Exercise directions ▸ Once the pictures are set aside, copy the data below exactly as it stands.
Given material START
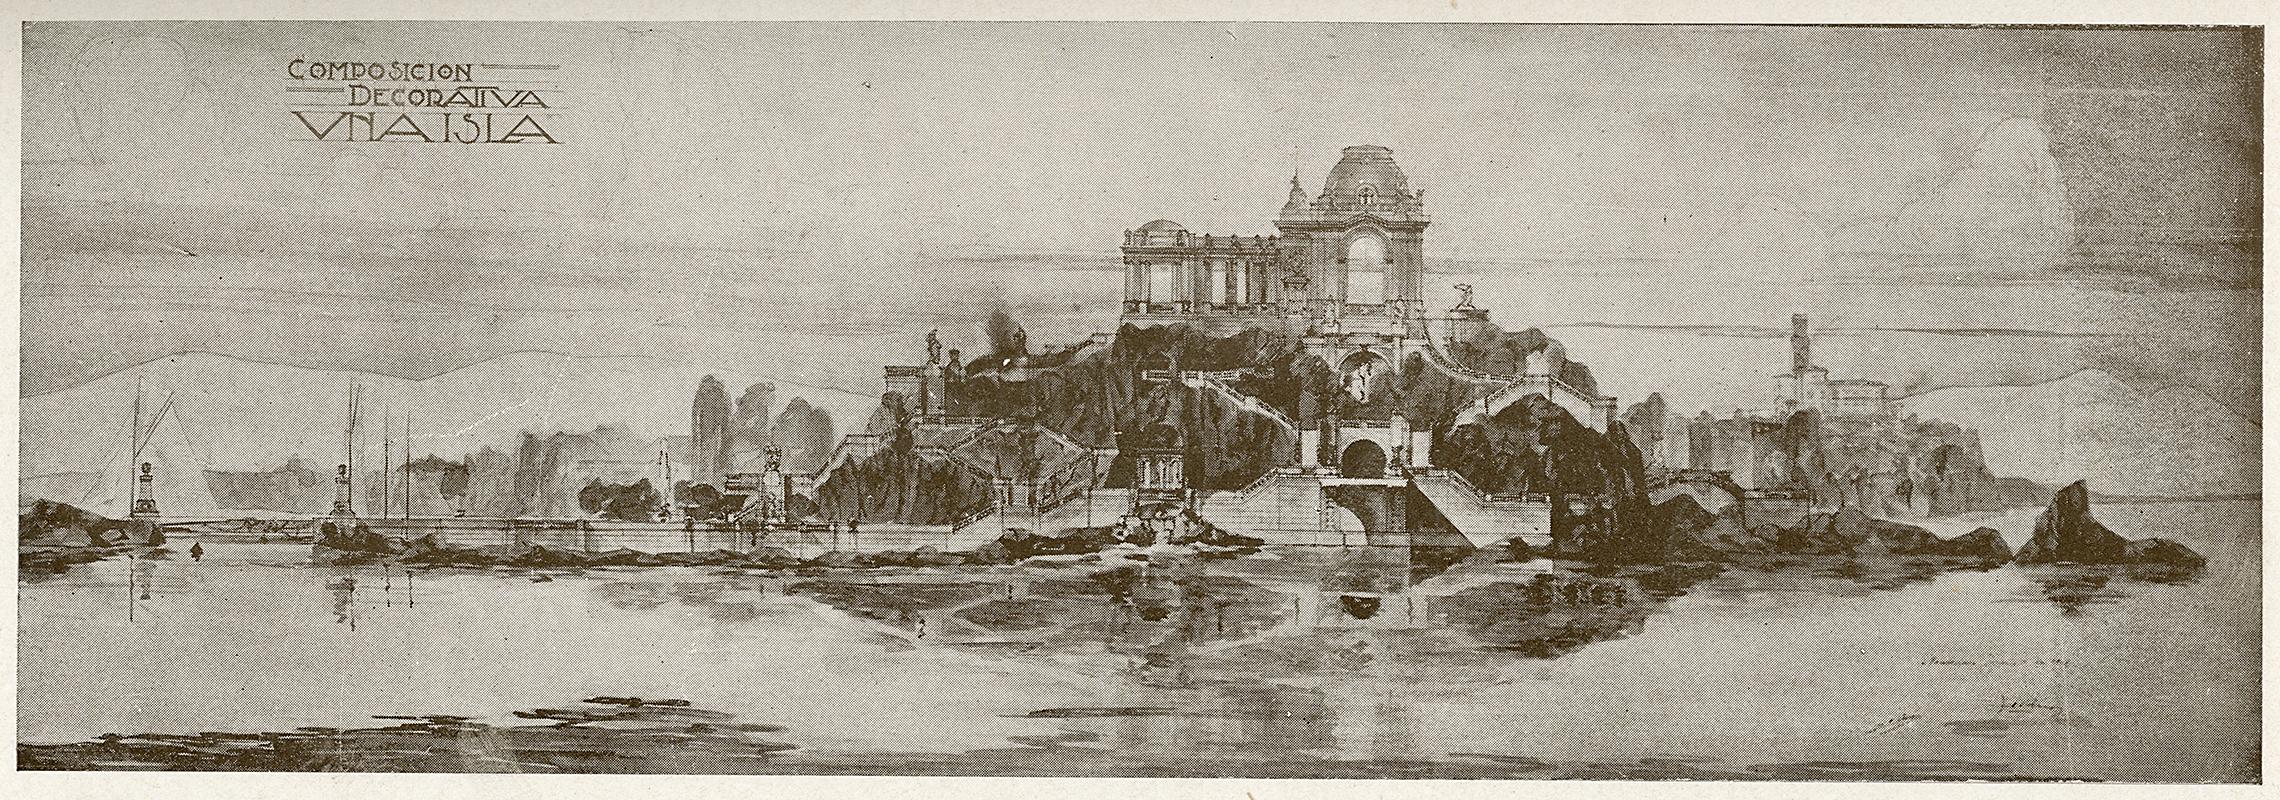 Juan A Ruis. Arquitectura. v.5 n.32 1919, 41
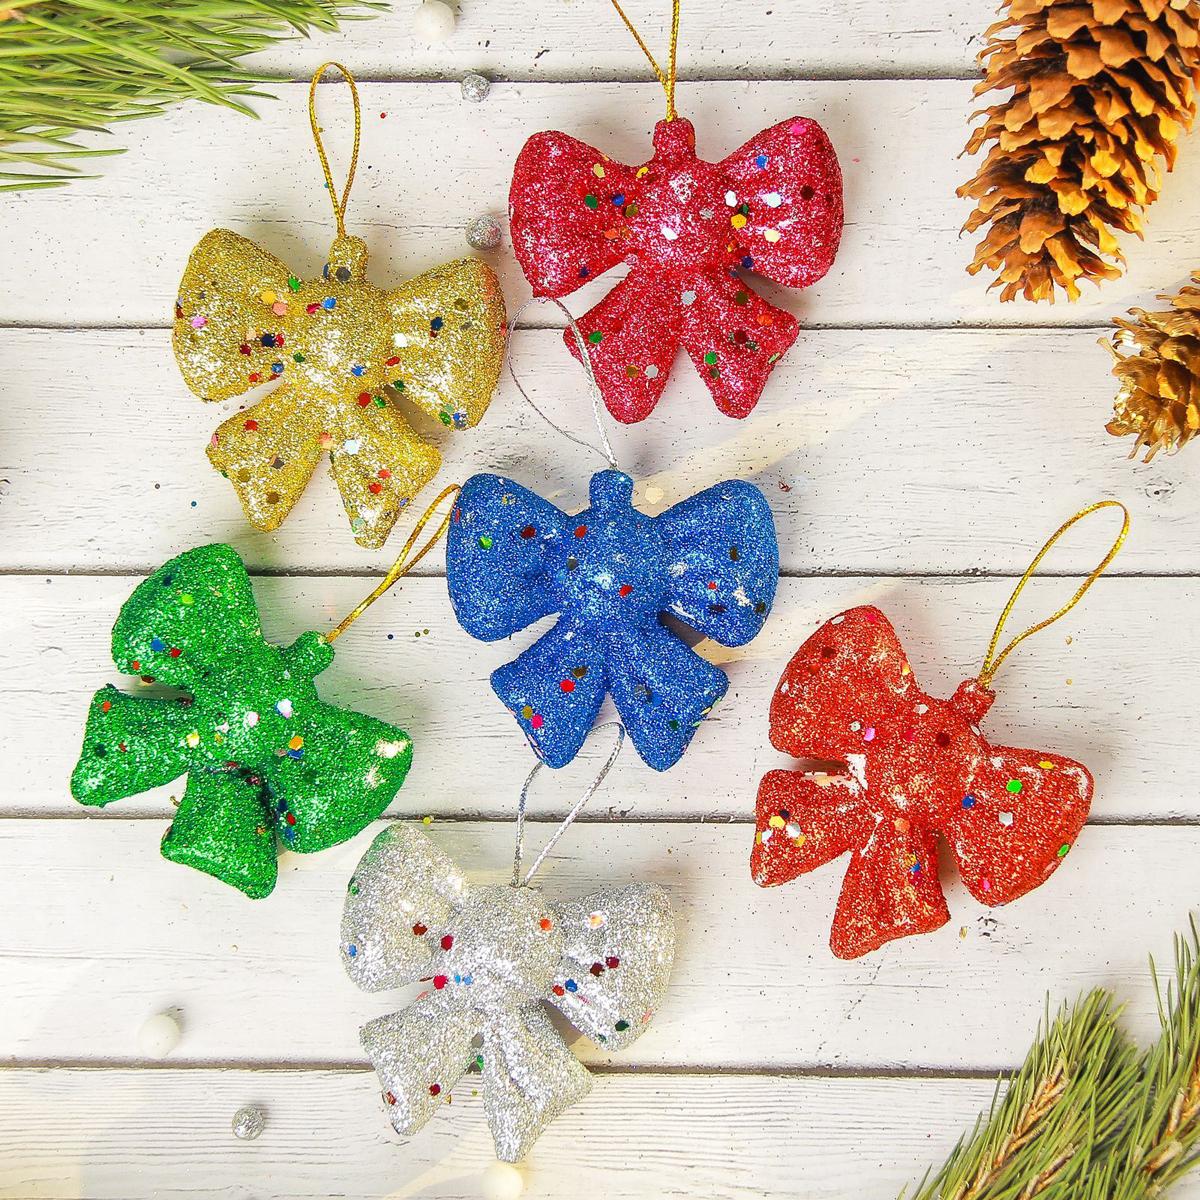 Украшение новогоднее елочное Sima-land Бантик разноцветный, 6 см, 6 шт2372142Невозможно представить нашу жизнь без праздников! Мы всегда ждём их и предвкушаем, обдумываем, как проведём памятный день, тщательно выбираем подарки и аксессуары, ведь именно они создают и поддерживают торжественный настрой.
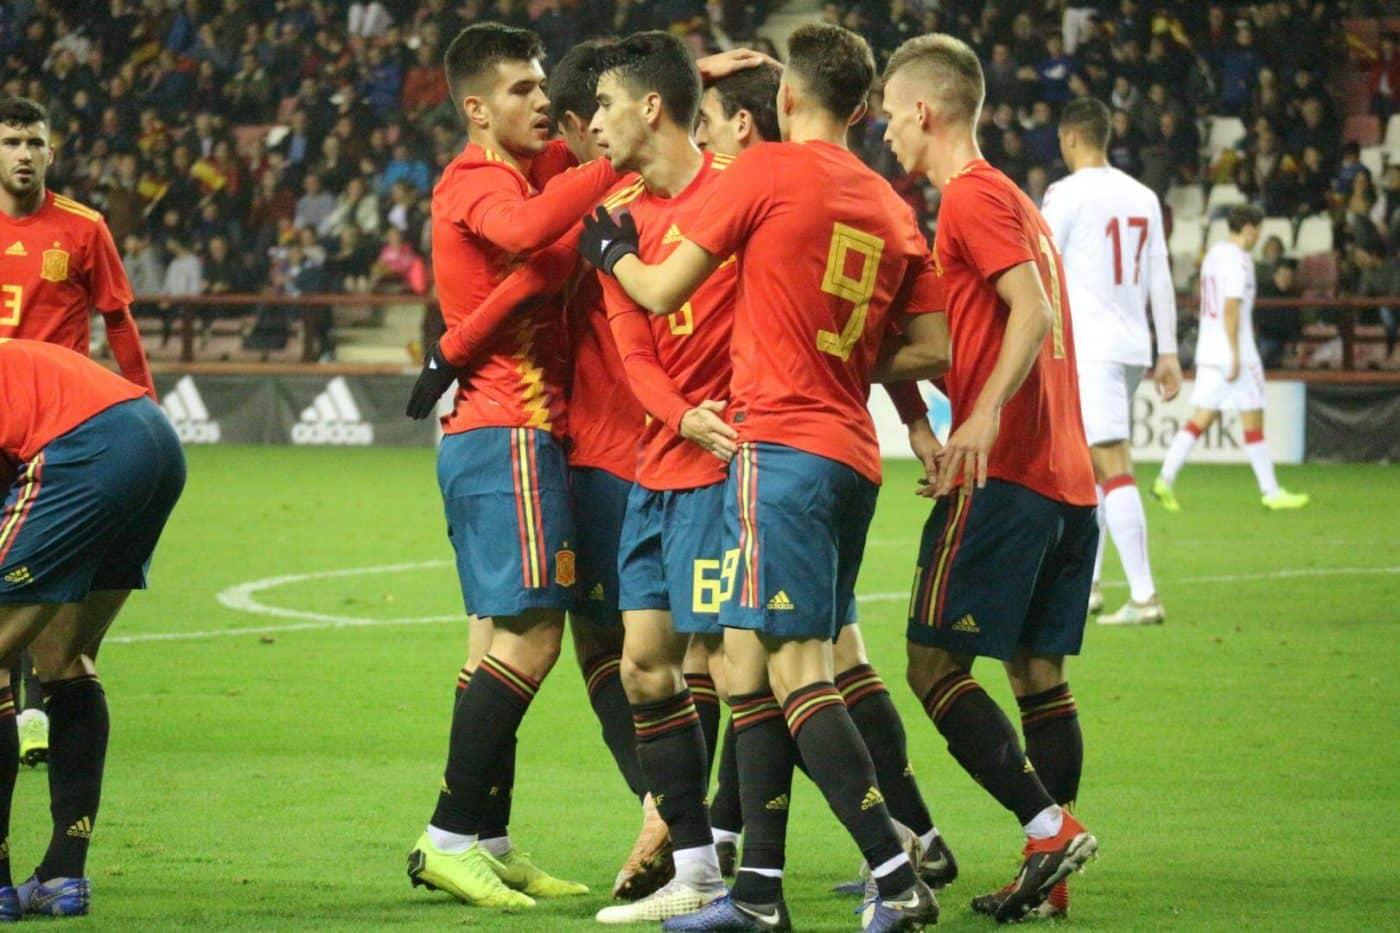 La Sub-21 de Luis de la Fuente remonta y golea en Las Gaunas 19
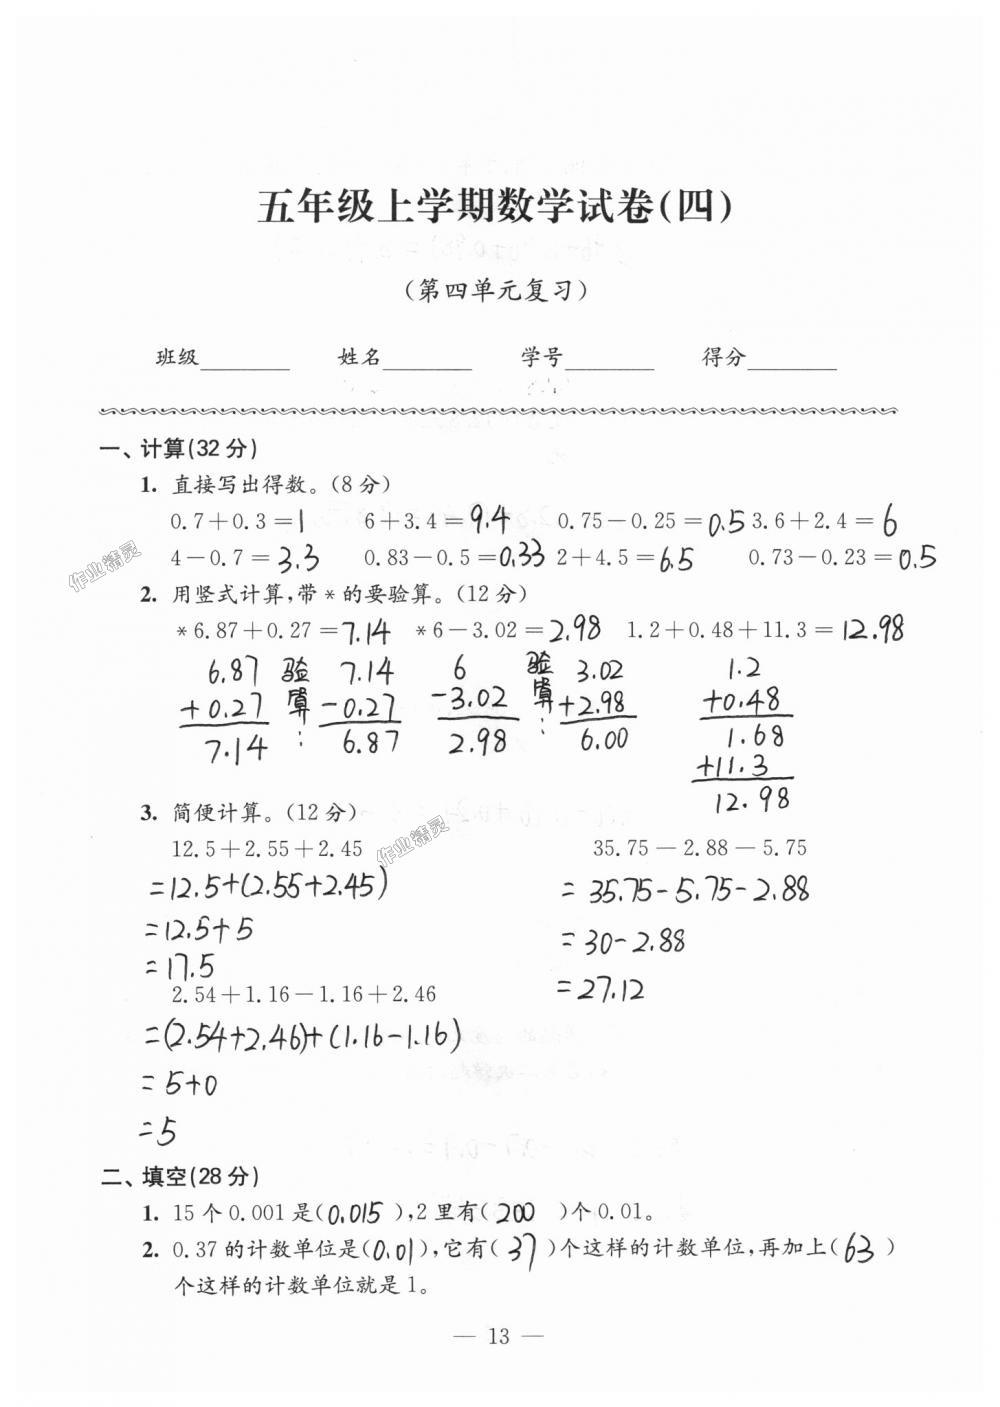 2018年练习与测试检测卷五年级数学上册苏教版第13页
Given material END
Response to this exercise ▸
 Juan A Ruis. Arquitectura. v.5 n.32 1919, 41
 Украшение новогоднее елочное Sima-land Бантик разноцветный, 6 см, 6 шт2372142Невозможно представить нашу жизнь без праздников! Мы всегда ждём их и предвкушаем, обдумываем, как проведём памятный день, тщательно выбираем подарки и аксессуары, ведь именно они создают и поддерживают торжественный настрой.
 La Sub-21 de Luis de la Fuente remonta y golea en Las Gaunas 19
 2018年练习与测试检测卷五年级数学上册苏教版第13页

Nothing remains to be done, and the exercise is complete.